- Born: 8 November 1986 (age 39) Damascus, Syria
- Education: Monash University
- Occupations: Television presenter, journalist, reporter
- Years active: 2008–present
- Employer: Nine Network
- Television: 60 Minutes; Today;
- Spouse: Cyrus Moran ​(m. 2012)​
- Children: 1

= Sarah Abo =

Australian television journalist

Sarah Abo (born 8 November 1986) is an Australian television presenter, journalist and reporter.

Abo was co‑host of the Nine Network's breakfast program Today from 2023 to 2026 and was also a reporter for 60 Minutes.

== Early life and education ==
Abo was born on 8 November 1986 in Damascus, Syria, to Fouad and Samia, and has two younger sisters. In 1990, when she was four years of age, the family relocated to Melbourne, Australia.

She attended Our Lady of Mercy College in Heidelberg. Abo went on to graduate from Monash University in 2009 with a Bachelor of Arts (Honours), majoring in journalism.

== Career ==
Abo commenced her television career in 2008 at Network 10's Adelaide newsroom, where she initially worked as an archiving and production assistant, before becoming a Ten News reporter. After two years, Abo moved back to Melbourne, where she continued to work as a reporter for Network 10 for another three years.

In 2013, she commenced working for SBS Television as a presenter and reporter on programs such as SBS World News, Dateline, Insight, and Small Business Secrets. In 2014, Abo completed a fellowship at CNN in Atlanta, Georgia, United States. Abo was a presenter and journalist for SBS for the 2014 FIFA World Cup.

In 2019, Abo joined the Nine Network as a 60 Minutes reporter. She regularly filled in as co-host of Nine's breakfast show Today including in March 2022 when regular co-host Allison Langdon contracted COVID-19.

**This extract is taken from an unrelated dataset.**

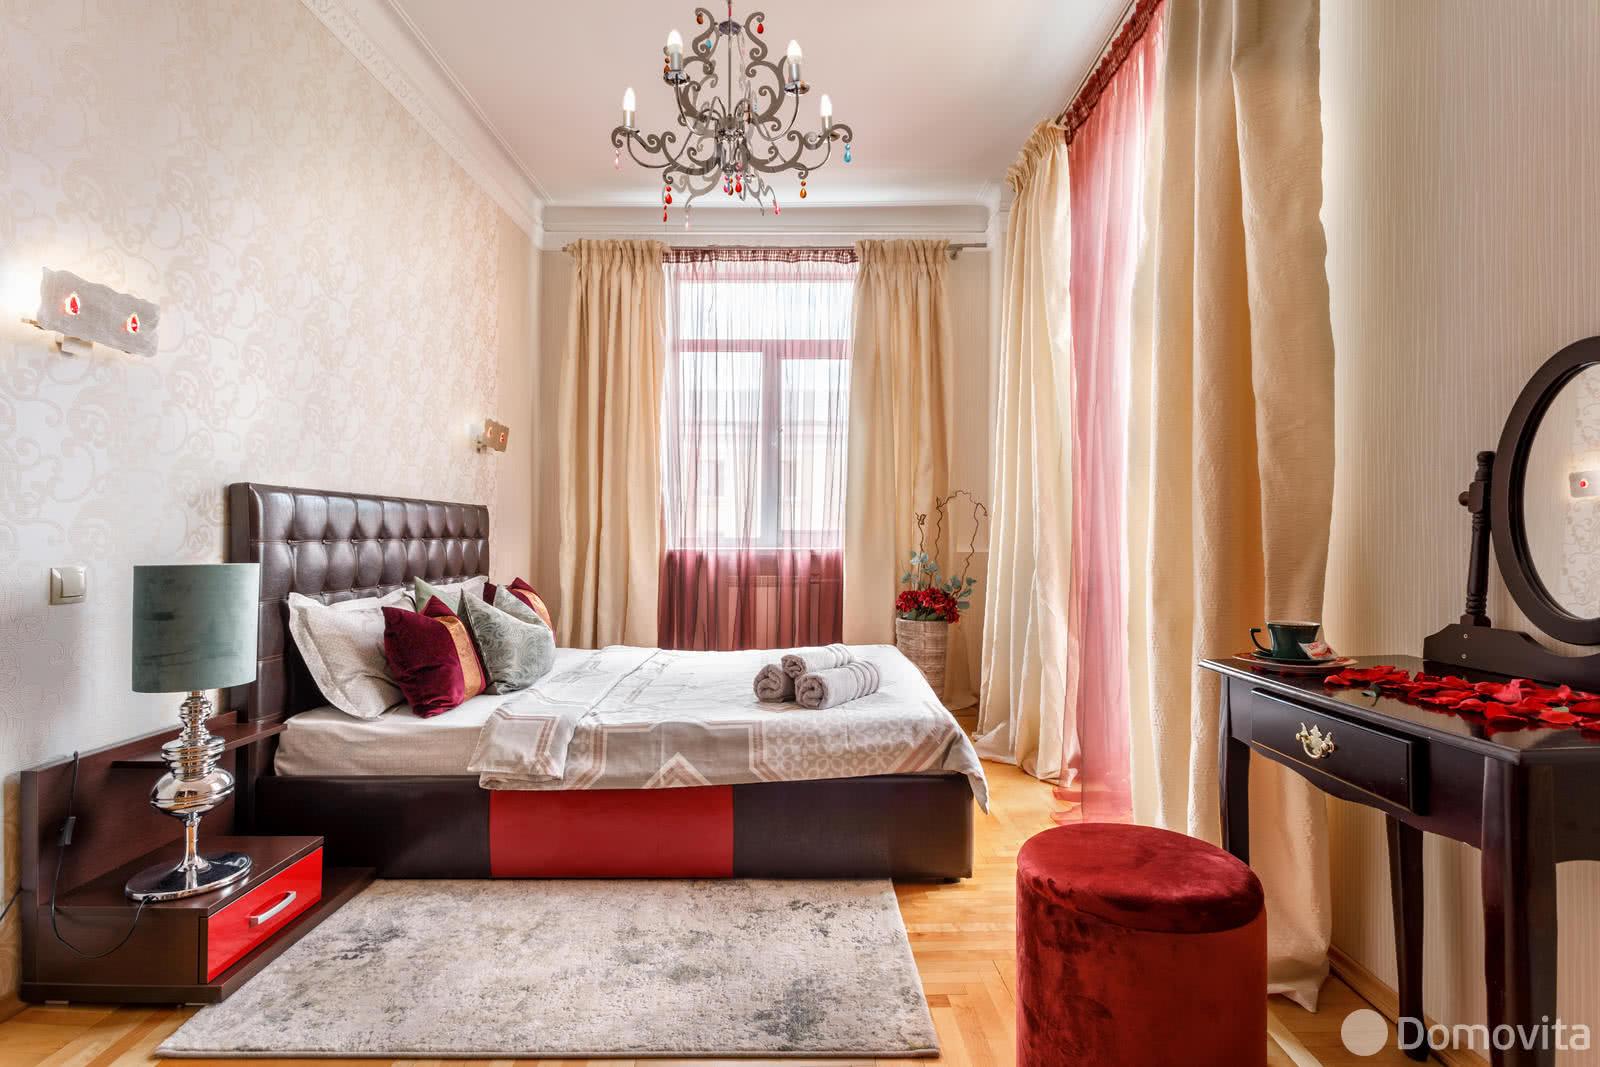 Аренда 2-комнатной квартиры на сутки в Минске ул. Красная, д. 18 - фото 5

Abo was chosen to moderate the second leaders' debate between Scott Morrison and Anthony Albanese prior to the 2022 Australian federal election which aired on 8 May 2022. After the debate, Abo was the subject of a controversial tweet posted by Mark Latham, the New South Wales state leader of Pauline Hanson's One Nation, who seemingly used Abo's surname as a racial slur. Criticising Abo's performance as moderator, Latham said "never trust an Abo with something as important as that". The word "Abo" is a highly offensive reference to Aboriginal Australians. The Nine Network said that they intended to report Latham's comments to the authorities, while praising Abo's handling of the debate.

In November 2022, Abo was announced as the new co-host of the Nine Network's breakfast program Today in 2023, replacing Ally Langdon, who was appointed as the host of A Current Affair following the retirement of Tracy Grimshaw.

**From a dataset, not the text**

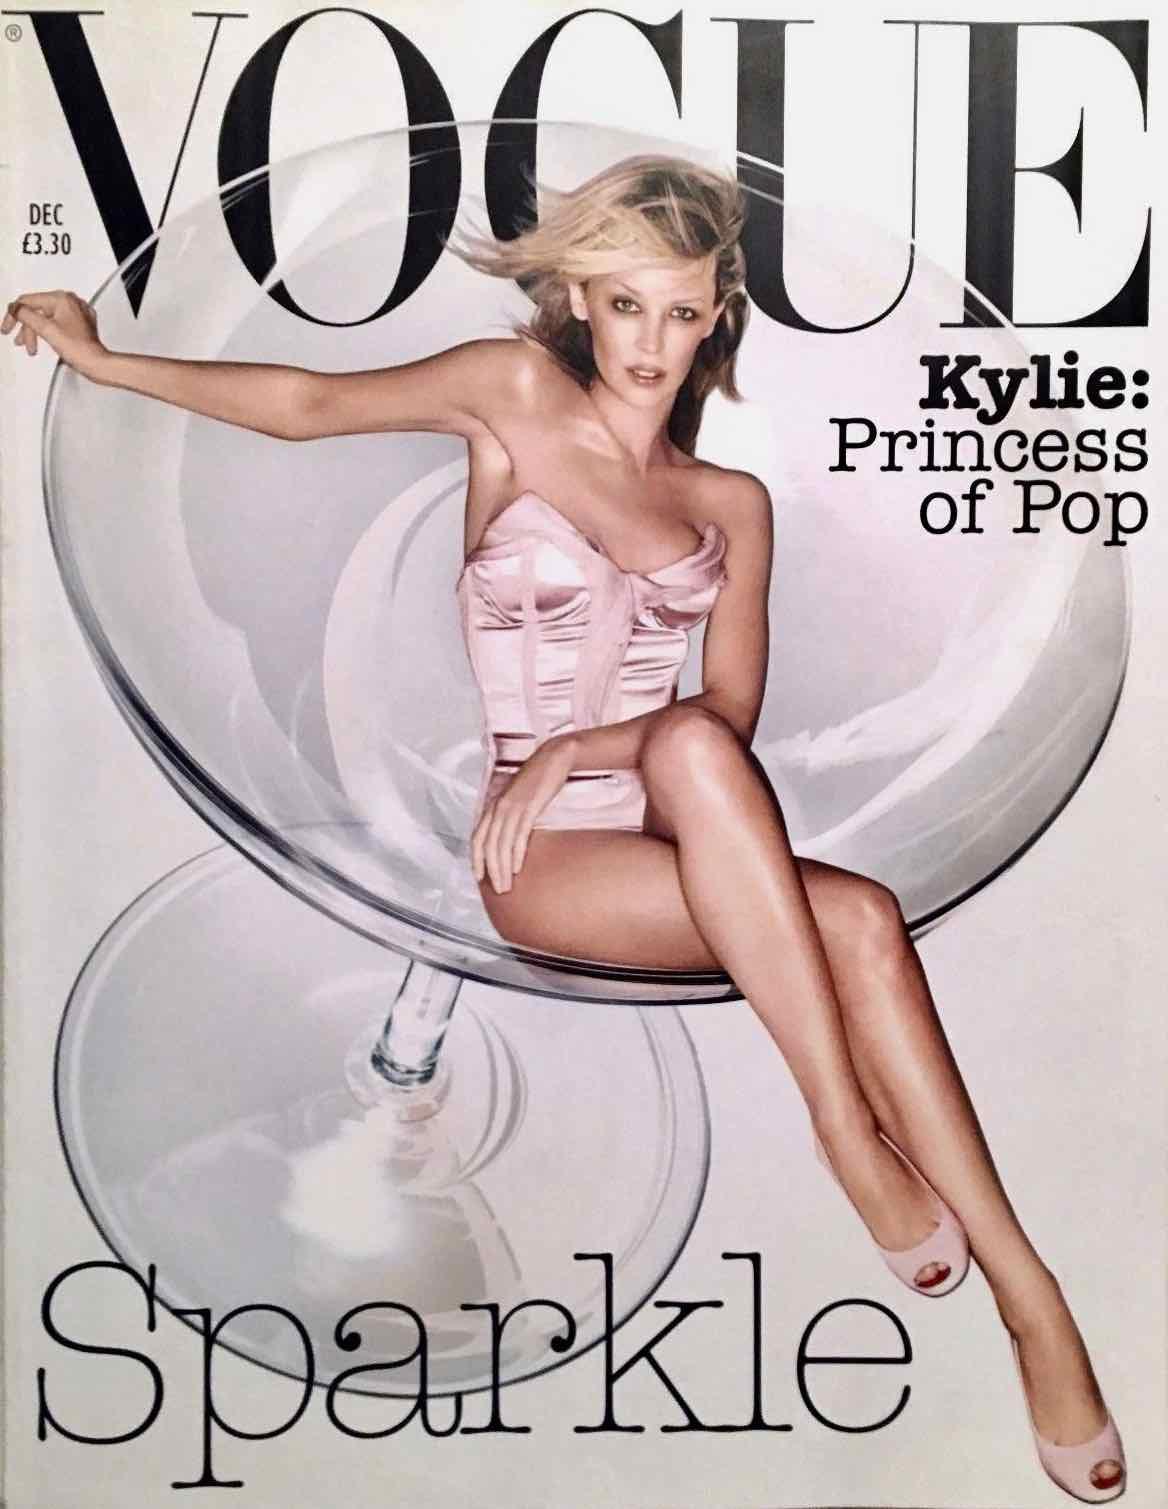 kylie-minogue-champagne-glass-vogue_2003-december

In December 2023, Nine announced that Abo would host Carols by Candlelight with David Campbell.

On 16 September 2026, Abo announced that she would leave Today and the Nine Network at the end of the year.

==Personal life==
On 15 December 2012, Abo married Cyrus Moran.

On 11 March 2026, she announced on Today that she is pregnant. Abo also revealed that she had been through years of fertility struggles. Abo gave birth to a boy, Sonny, in July.